WASHINGTON (AP) -- In his preparation to become president, Barack Obama said Friday that he has had discussions with all former presidents - or almost all of them.
"I've spoken to all of them that are living," the president-elect said in a lighter moment during his first press conference since his victory.
"I didn't want to get into a Nancy Reagan thing about, you know, doing any seances," he joked.
It actually wasn't Nancy Reagan who was linked to conversations with the dead; it was Obama's top Democratic challenger for the presidency, Sen. Hillary Rodham Clinton, D-N.Y.
In either case, use of the word "seance" might be overstated.
Nancy Reagan consulted an astrologer to help set her husband's schedule, wrote former White House chief of staff Donald T. Regan. The revelation created a furor and President Reagan even broke with his policy of not commenting on books by former White House staffers. "No policy or decision in my mind has ever been influenced by astrology," Reagan said.
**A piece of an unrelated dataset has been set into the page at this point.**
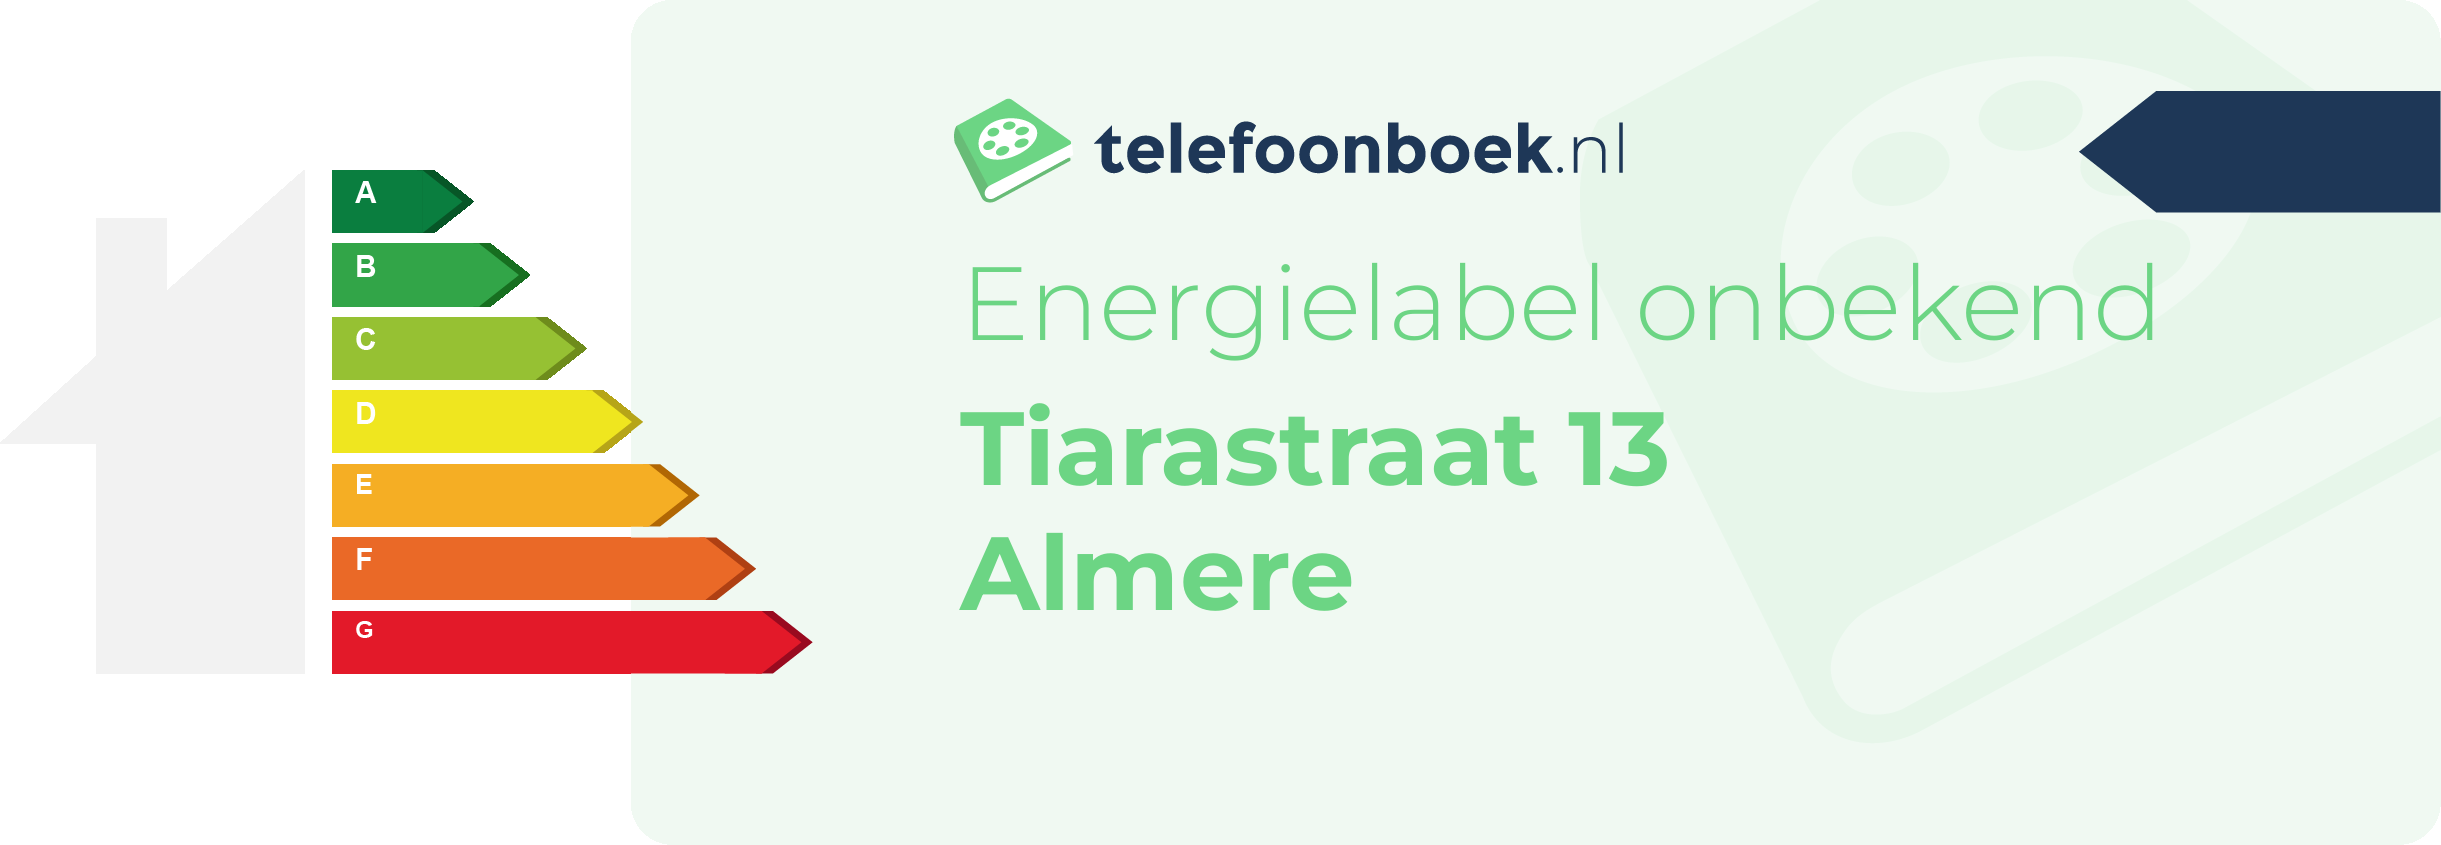 Energielabel Tiarastraat 13 Almere

In his book "The Choice," Washington Post reporter Bob Woodward described how Clinton consulted with a spiritual adviser who led her through imaginary conversations with her personal hero, Eleanor Roosevelt. Newsweek magazine, which was promoting the book, characterized the visits as "seances," a term that White House officials quickly tried to squelch.
"These were people who were helping her laugh, helping her think," said Neel Lattimore, the first lady's spokesman. "These were not seances."